There are several ways to address problems with inter-rater reliability. The most common strategies include increasing the number of observations by each rater, providing raters with detailed scoring descriptions in a rubric, and using a larger scoring scale. Increasing observations and increasing the scoring scale are similar to common strategies for improving internal consistency reliability of an assessment. A similar warning applies to the use of a larger scoring scale: while a larger scoring scale can be more reliable, raters may be less likely to agree with 1 another. Consequently, they may be imprecise in their evaluation of a examinee’s performance, which would result in low inter-rater agreement (and absolute reliability). An example of seeking inter-rater consistency and inter-rater agreement is provided in Table 1, which also illustrates an impact of the length of the scoring scale using ICC and percent agreement. Including both consistency and agreement is not common in clinical research.13,15,26 However, given that doing so is highly recommended, SoTL investigators should attempt to report both when student performances were judged. The pharmacy education literature includes a study in which both inter-rater consistency and agreement were reported. When scoring a PharmD program’s admission essays, a balance between the 2 indices was sought, the result being a minimal SEM and an acceptably high ICC.27 While use of ICC alone favored 1 rubric, including SEM showed a more complete picture, resulting in more confident evaluations with less measurement error and alterations in rubric design toward a more holistic scoring.

Table 1.

Examples of Inter-rater Reliability and Inter-rater Agreement*

graphic file with name ajpe779186-t1.jpg

ADVANCED PSYCHOMETRIC MODELS

Complexity of research projects often calls for more advanced approaches to gathering validity evidence Table 2. As previously mentioned, some of the most popular approaches include generalizability theory, factor analysis, and item response theory.

Table 2.

Methods of Collecting Validity Evidence and Enhancing the Quality of Scholarship of Teaching and Learning (SoTL)

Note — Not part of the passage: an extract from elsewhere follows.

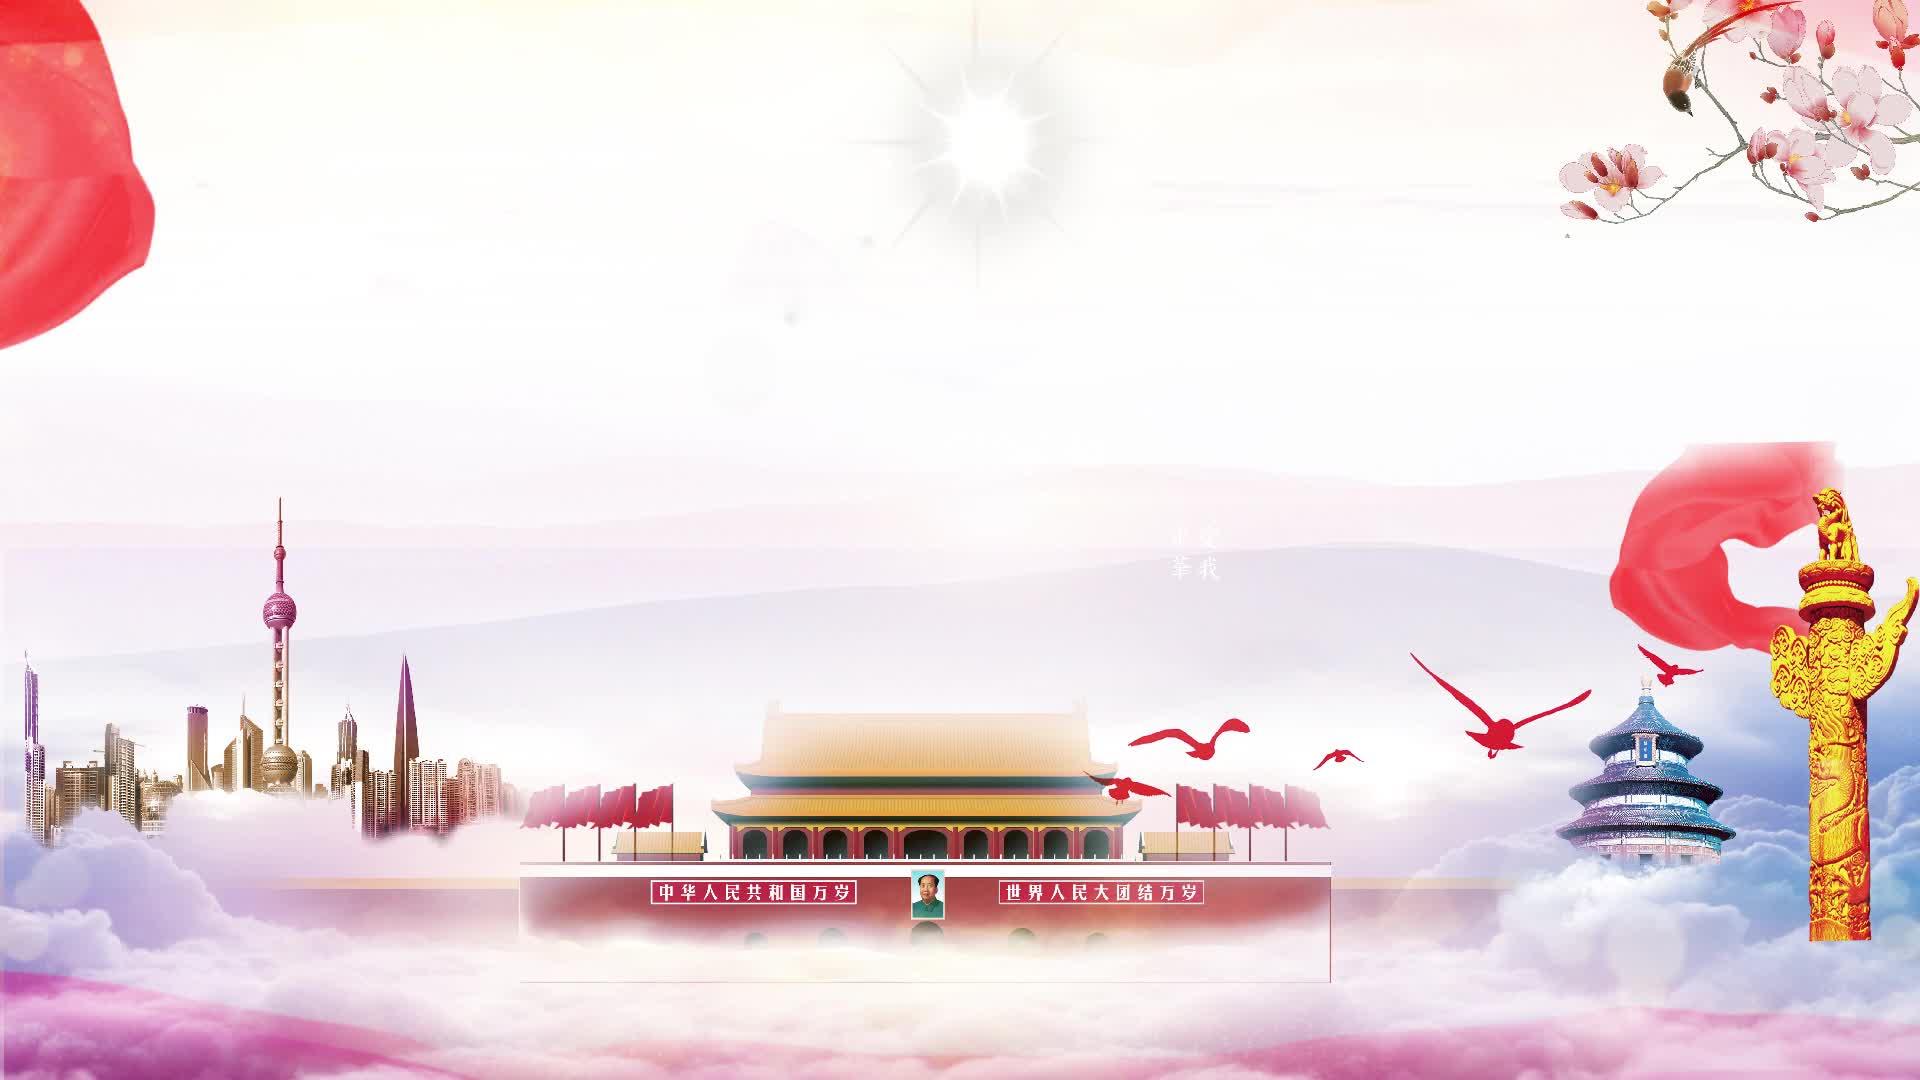 建党100周年歌曲我们的中国梦视频背景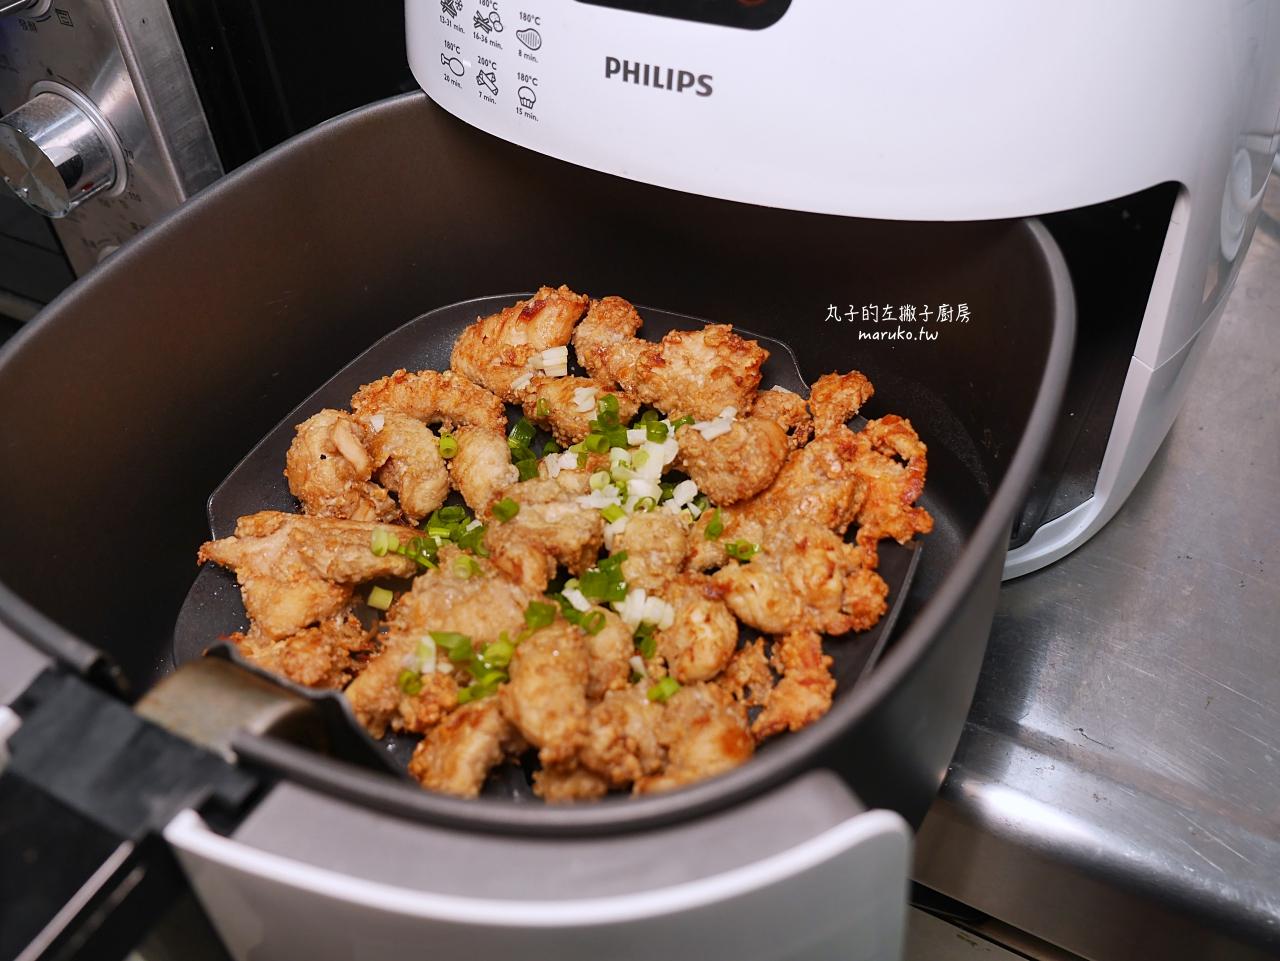 【食譜】香香雞 自製濕粉油炸香香雞的美味祕訣 (含氣炸版) @Maruko與美食有個約會

graphic file with name ajpe779186-t2.jpg

Generalizability Theory

If a SoTL researcher is using a test that is similar to an OSCE, in which multiple raters are scoring items while nested in different stations, the reliability indices discussed above would not be sufficient, even if more than 1 is reported. While researchers could evaluate the internal consistency of the items at each station or the inter-rater reliability among 2 or more raters at each station, those reliability indices would quantify only the measurement error specific to the items or the raters at that 1 station but would fall short of capturing the reliability of all items and raters across all the stations. Generalizability theory (G-theory) is a model that could be considered, as it simultaneously models variation in data from multiple sources (eg, stations, raters, and items) and provides 1 overall (combined) process reliability index for an entire multi-station assessment. In other words, this index includes both internal consistency and inter-rater reliability information. A further advantage of using G-theory is that subsequent decision-study analyses could identify which changes in the number of items, raters, and/or stations would improve the process reliability most beneficially for future assessments. As such, a distinct benefit with G-theory is that it can help optimize the number of raters and stations needed for a reliable test, which can be an important consideration given the limited curricular resources (ie, faculty, space, finances) available to pharmacy colleges and schools for assessment of student learning.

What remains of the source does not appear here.